_ABOUT THIS TASK_
Please, from the entries below, transcribe exactly the lines that begin at the line with "rusty surface royalty" and end at the line with "Land Rover Defender Suv On Dirt", without the pictures.

_INPUT DATA_
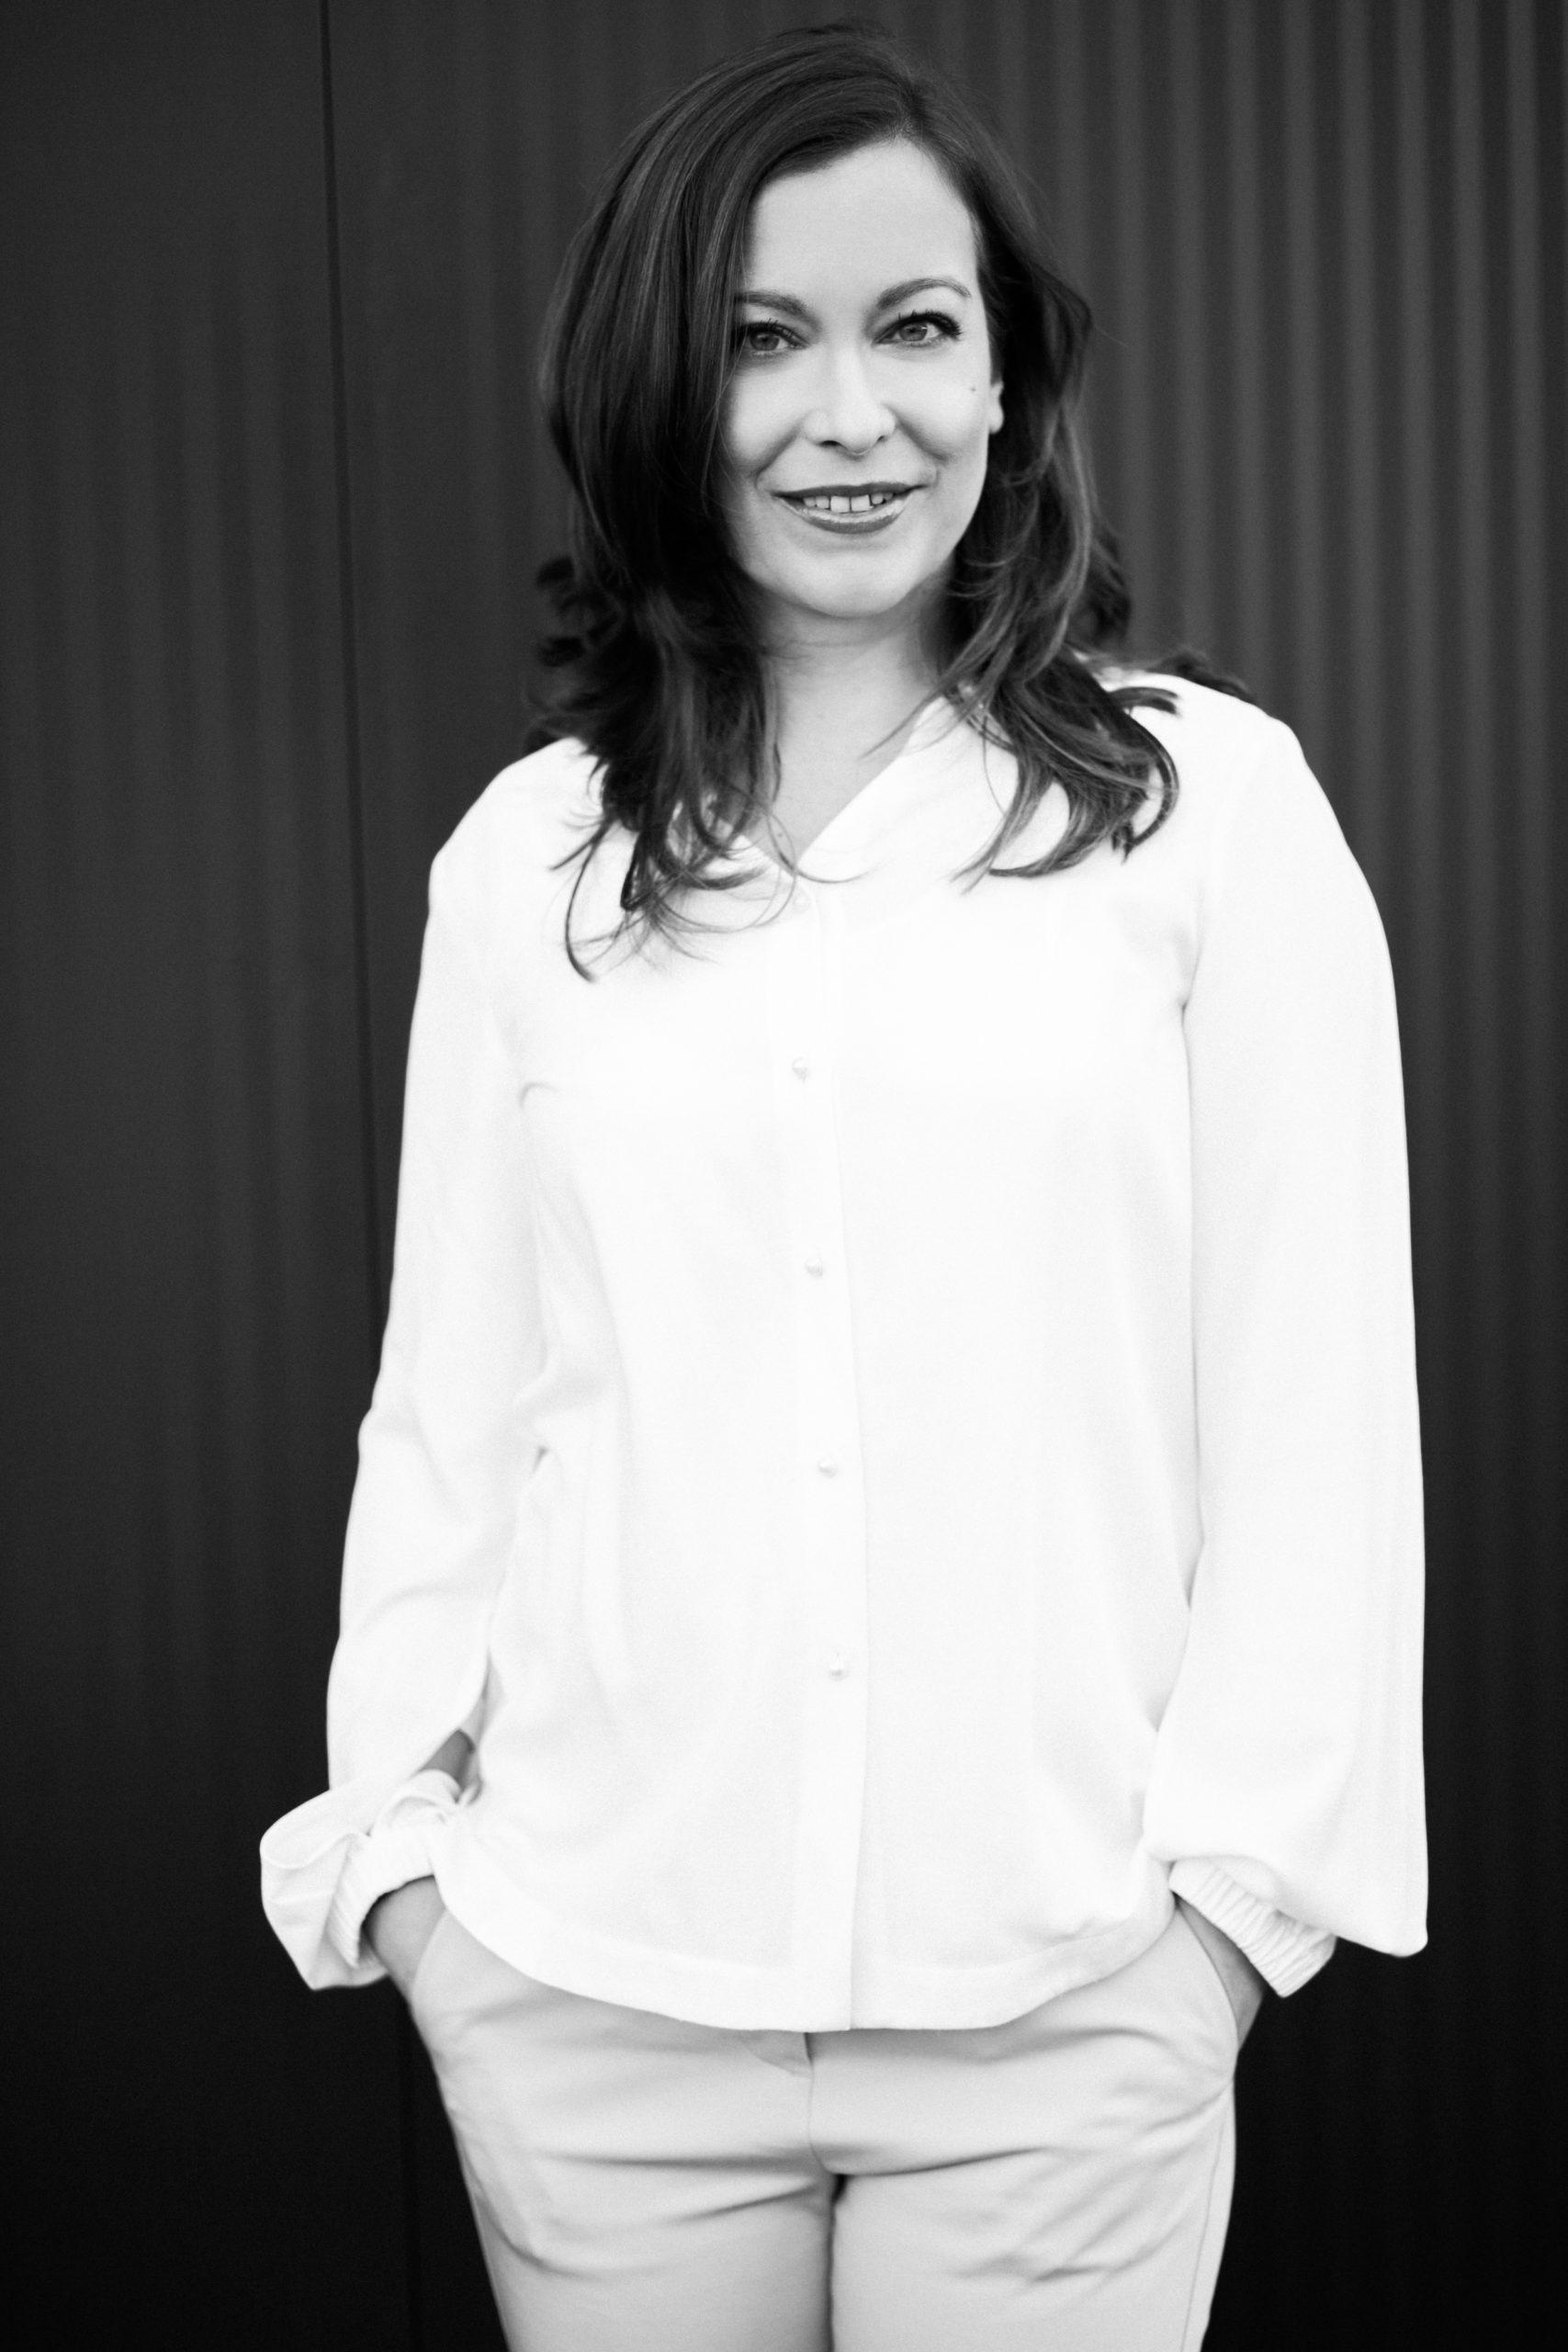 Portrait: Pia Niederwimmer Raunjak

==

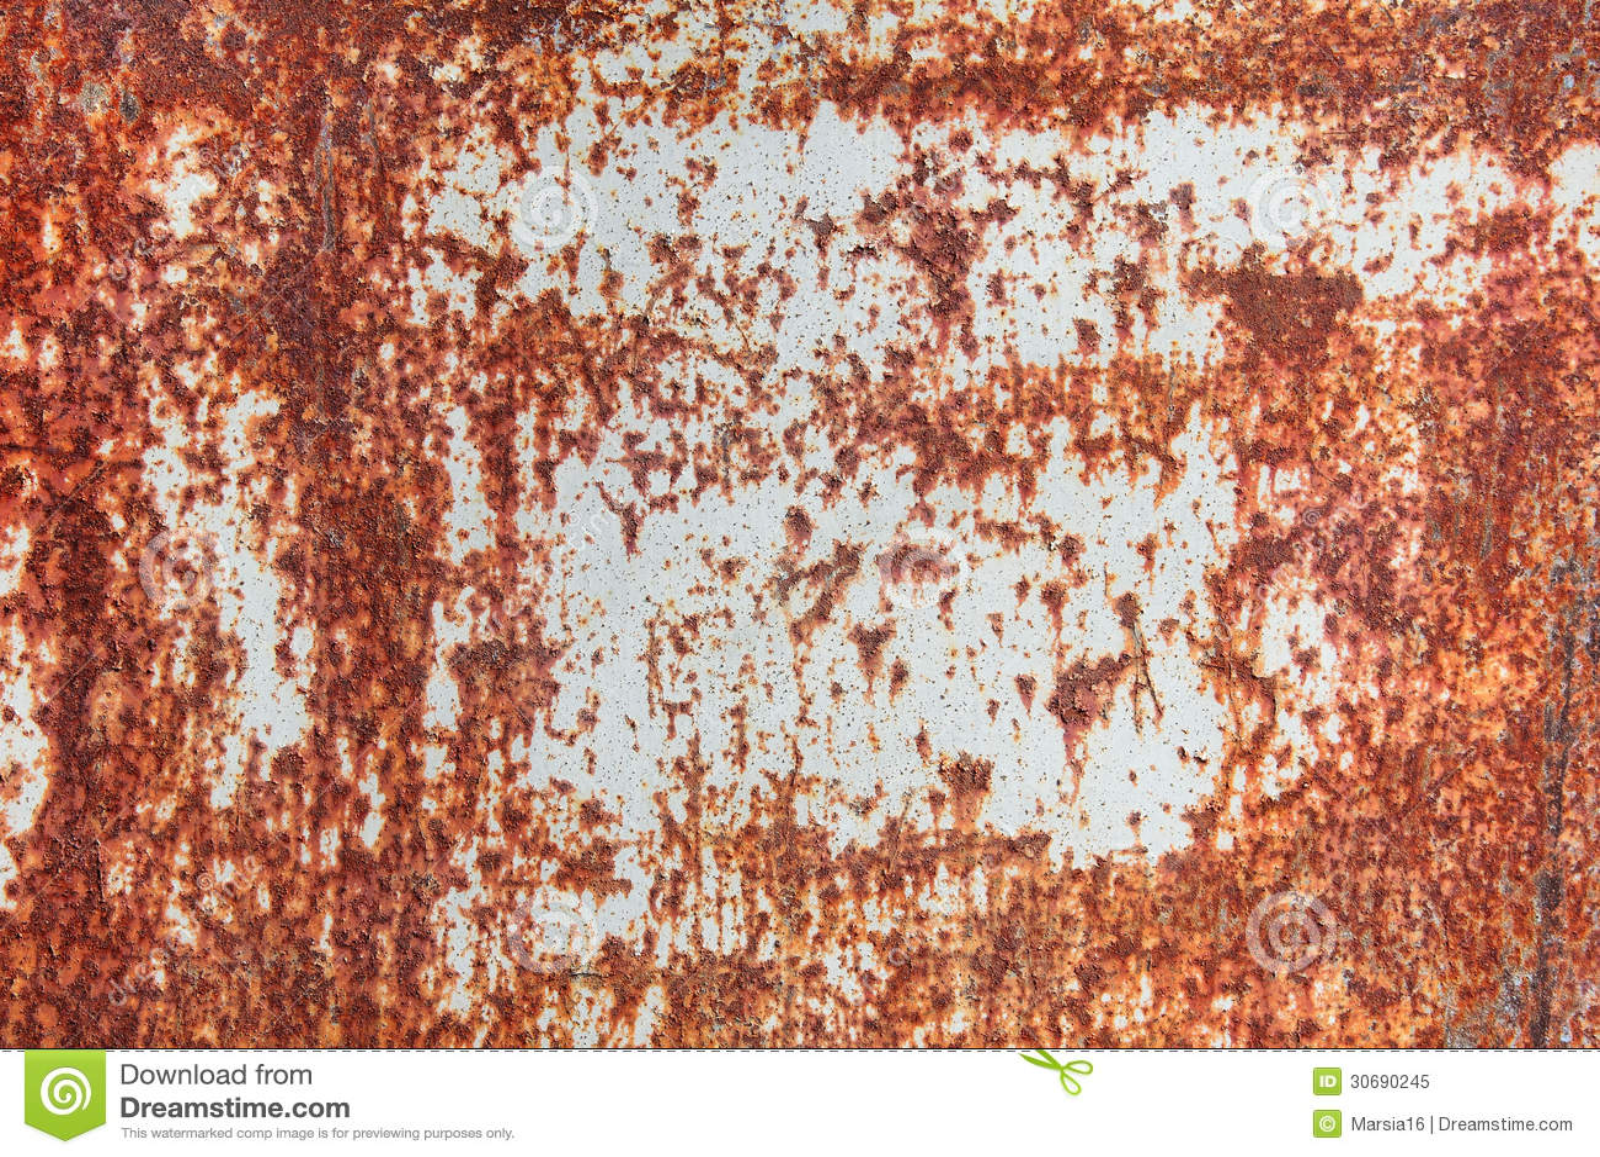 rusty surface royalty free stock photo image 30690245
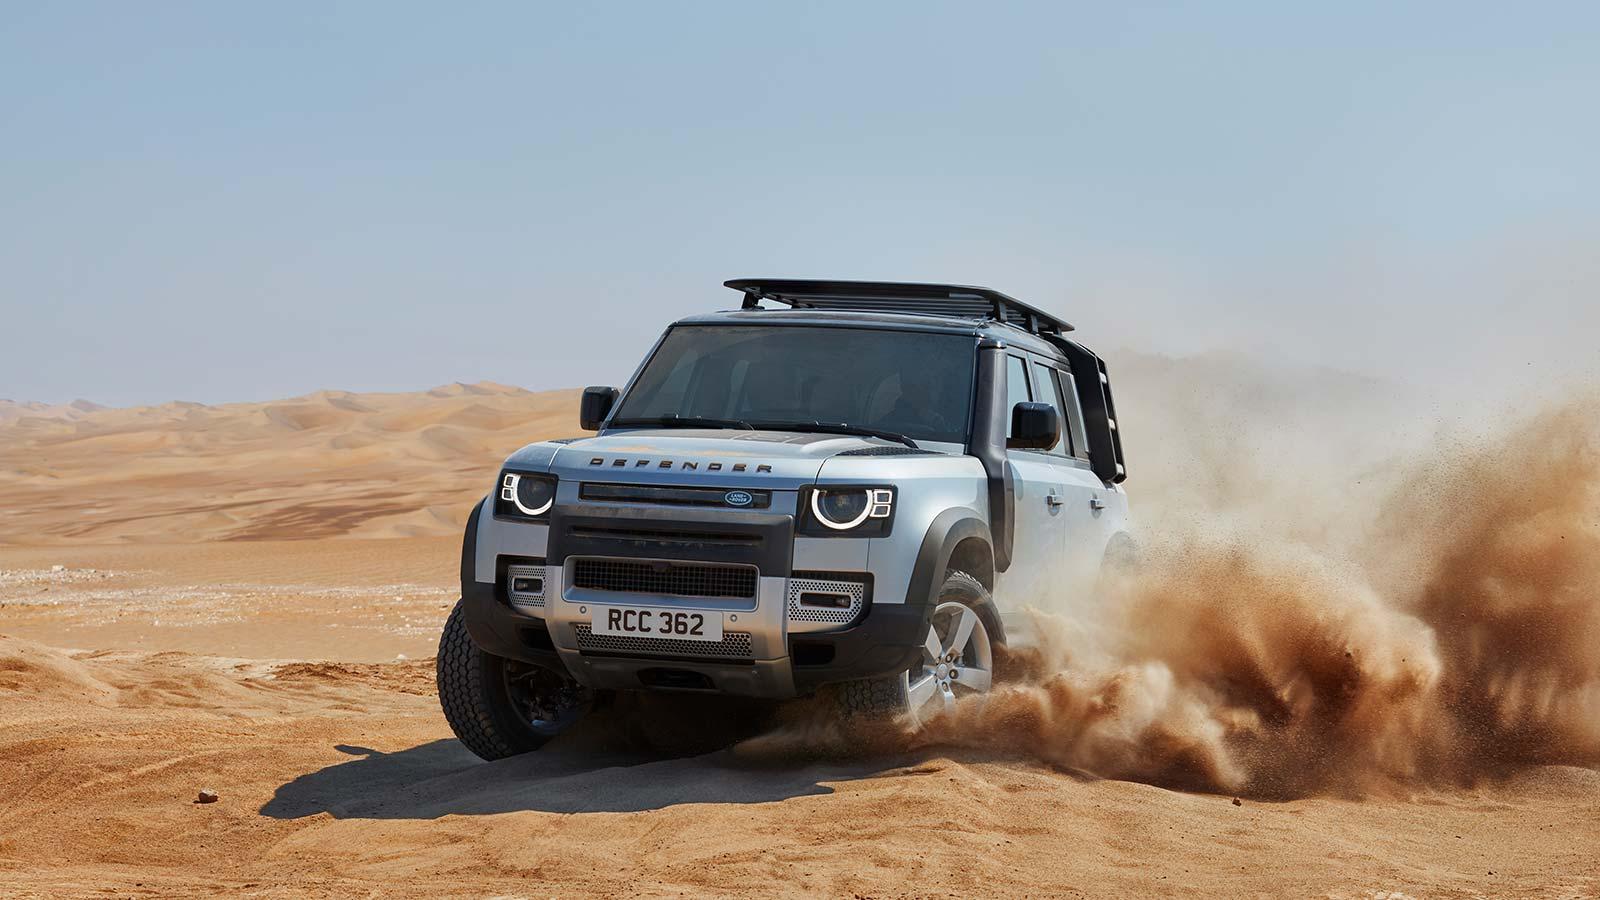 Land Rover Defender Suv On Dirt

--

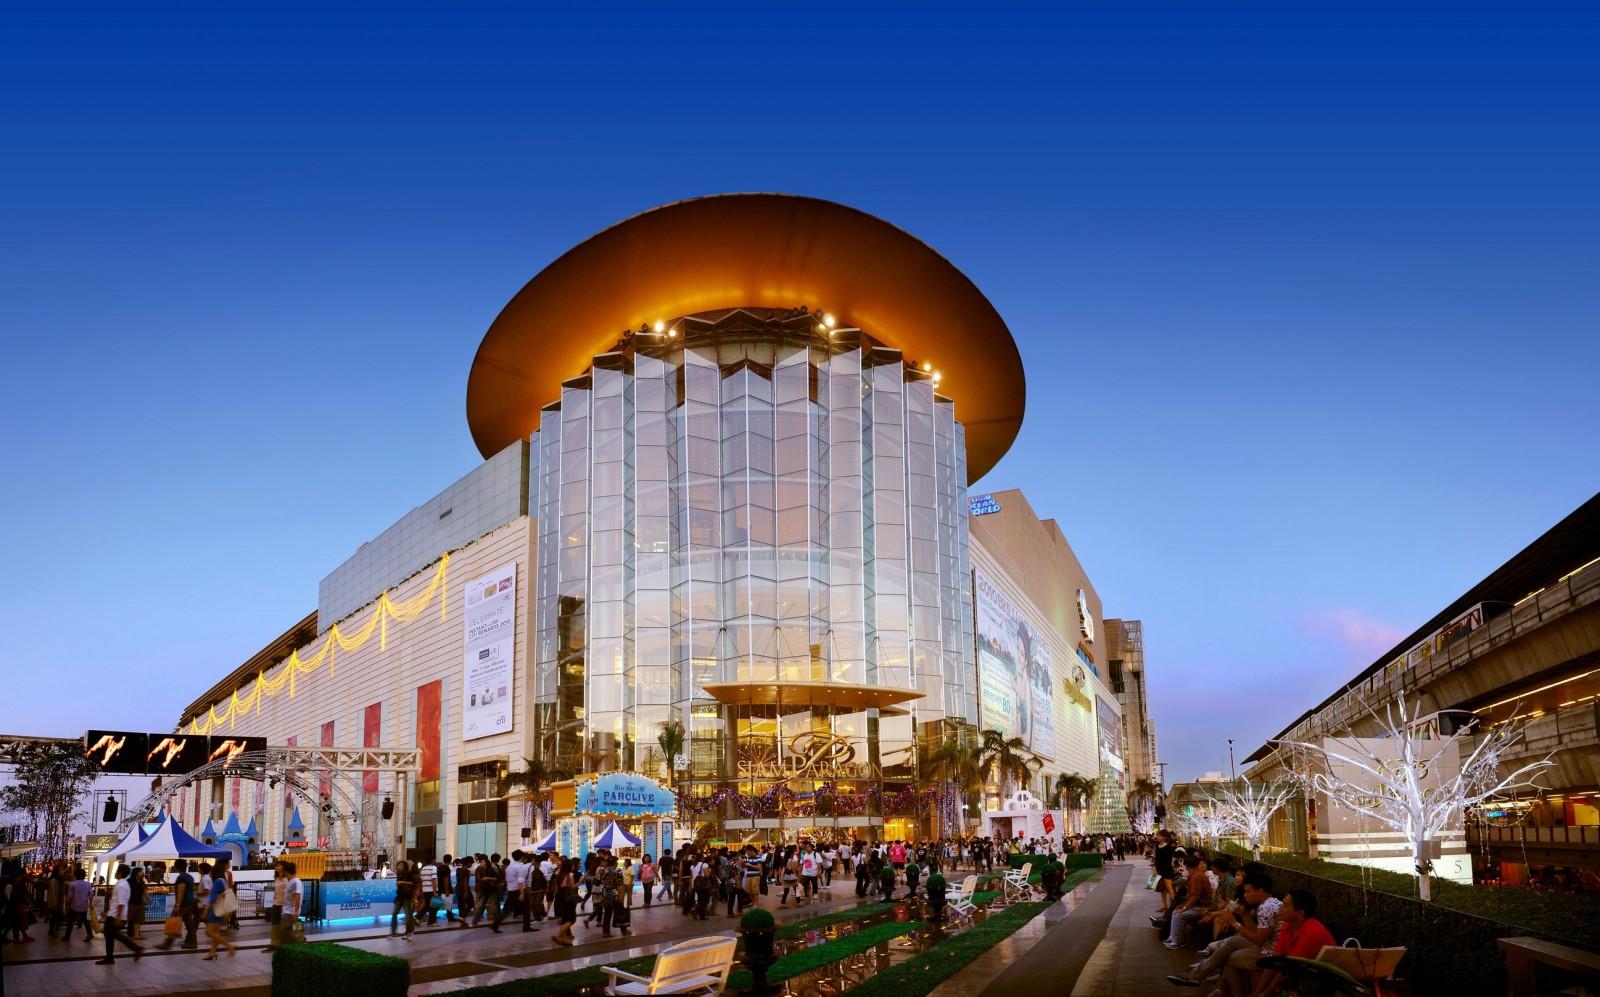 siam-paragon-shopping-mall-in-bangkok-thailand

_RESULT OF THIS EXERCISE_
 rusty surface royalty free stock photo image 30690245
 Land Rover Defender Suv On Dirt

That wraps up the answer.